Now the folks who helped Matthew get Ketamine must be sacrificed on the altar of the Drug War, lest people start thinking that the Drug War itself was at fault.y

Here's one problem that supporters of the psychiatric pill mill never address: the fact that Big Pharma antidepressants demoralize users by turning them into patients for life.

Kids should be taught in grade school that prohibition is wrong.

Opium could be a godsend for talk therapy. It can help the user step outside themselves and view their problems from novel viewpoints.

We need a Controlled Prohibitionists Act, to get psychiatric help for the losers who think that prohibition makes sense despite its appalling record of causing civil wars overseas and devastating inner cities.

Materialist puritans do not want to create any drug that elates.

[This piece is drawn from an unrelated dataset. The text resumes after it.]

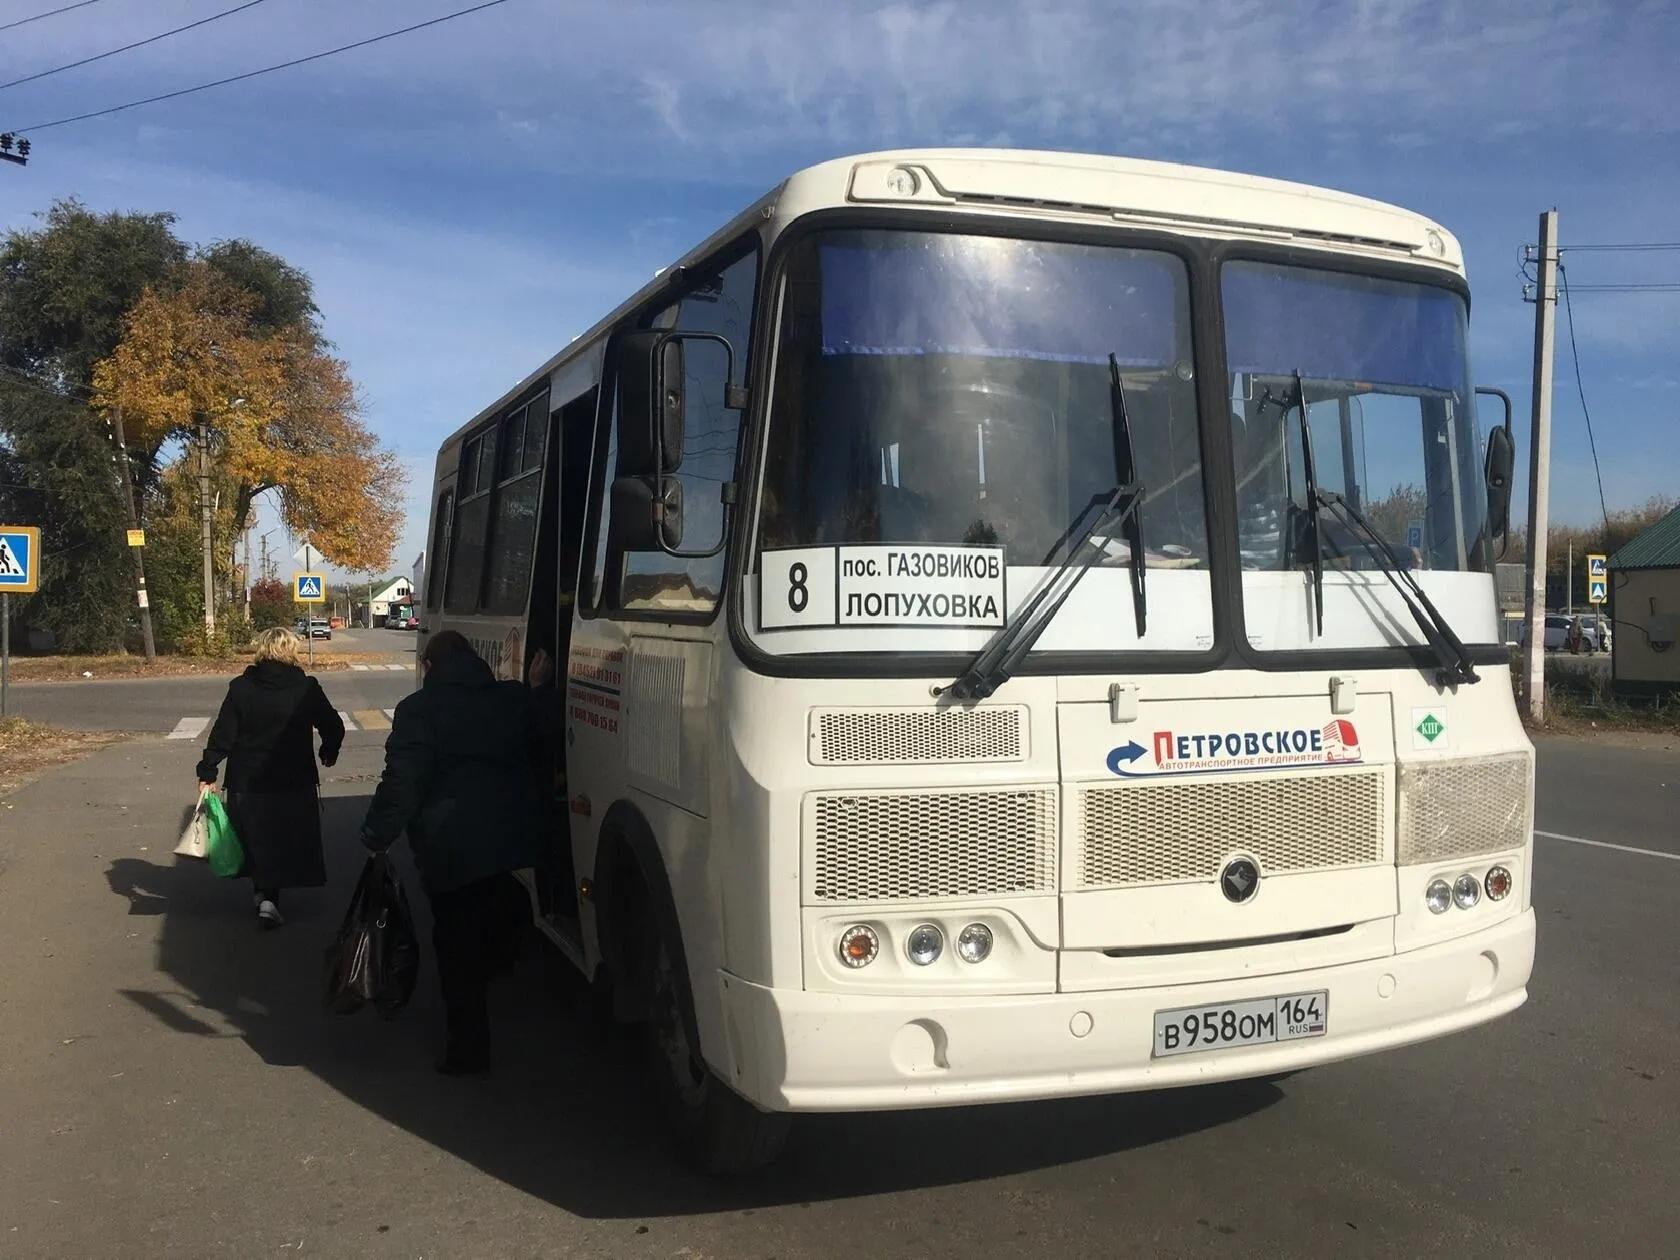 Петровское АТП корректирует расписание движения муниципальных маршрутов регулярных перевозок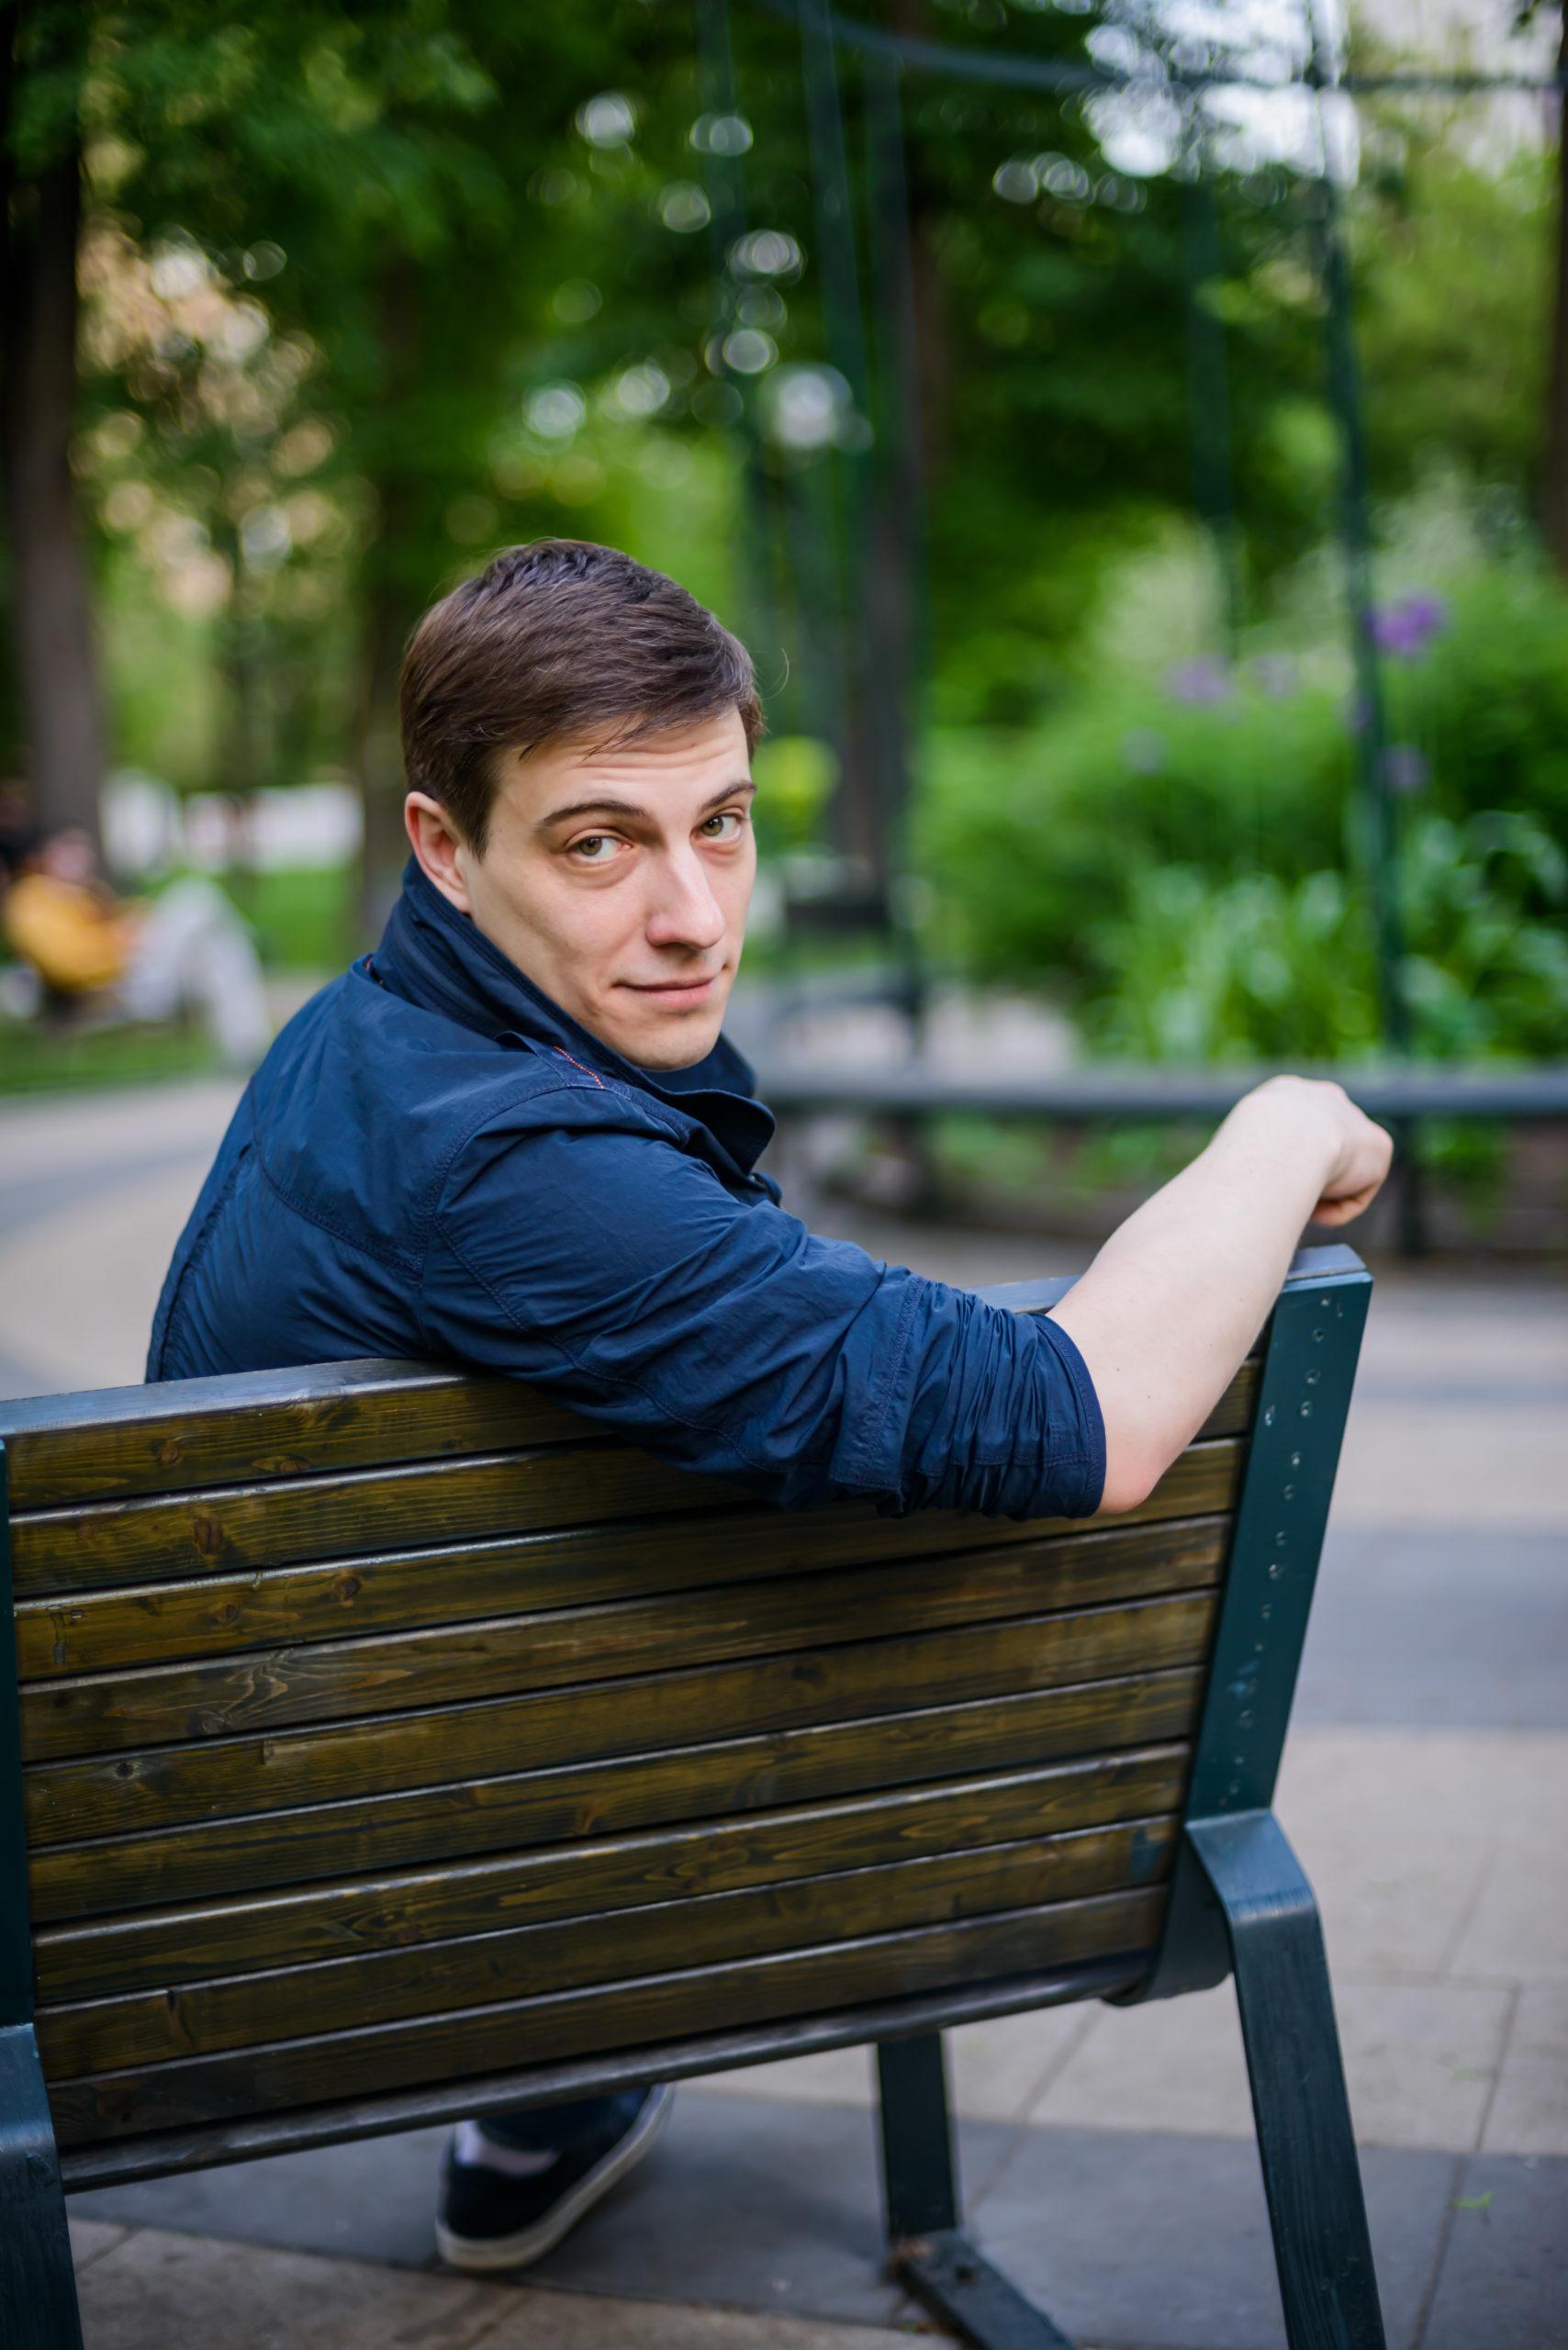 Дмитрий Калинкин — эксперт в области осознанности

So they go on a fool's errand to find reductionist cures for "depression itself," as if the vast array of human sadness could (or should) be treated with a one-size-fits-all readjustment of brain chemicals.

The FDA uses reductive materialism to justify and normalize the views of Cortes and Pizarro with respect to entheogenic medicine.

I looked up the company: it's all about the damn stock market and money. The FDA outlaws LSD until we remove all the euphoria and the visions. That's ideology, not science. Just relegalize drugs and stop telling me how much ecstasy and insight I can have in my life!!

In a free future, newspapers will have philosophers on their staffs to ensure that said papers are not inciting consequence-riddled hysteria through a biased coverage of drug-related mishaps.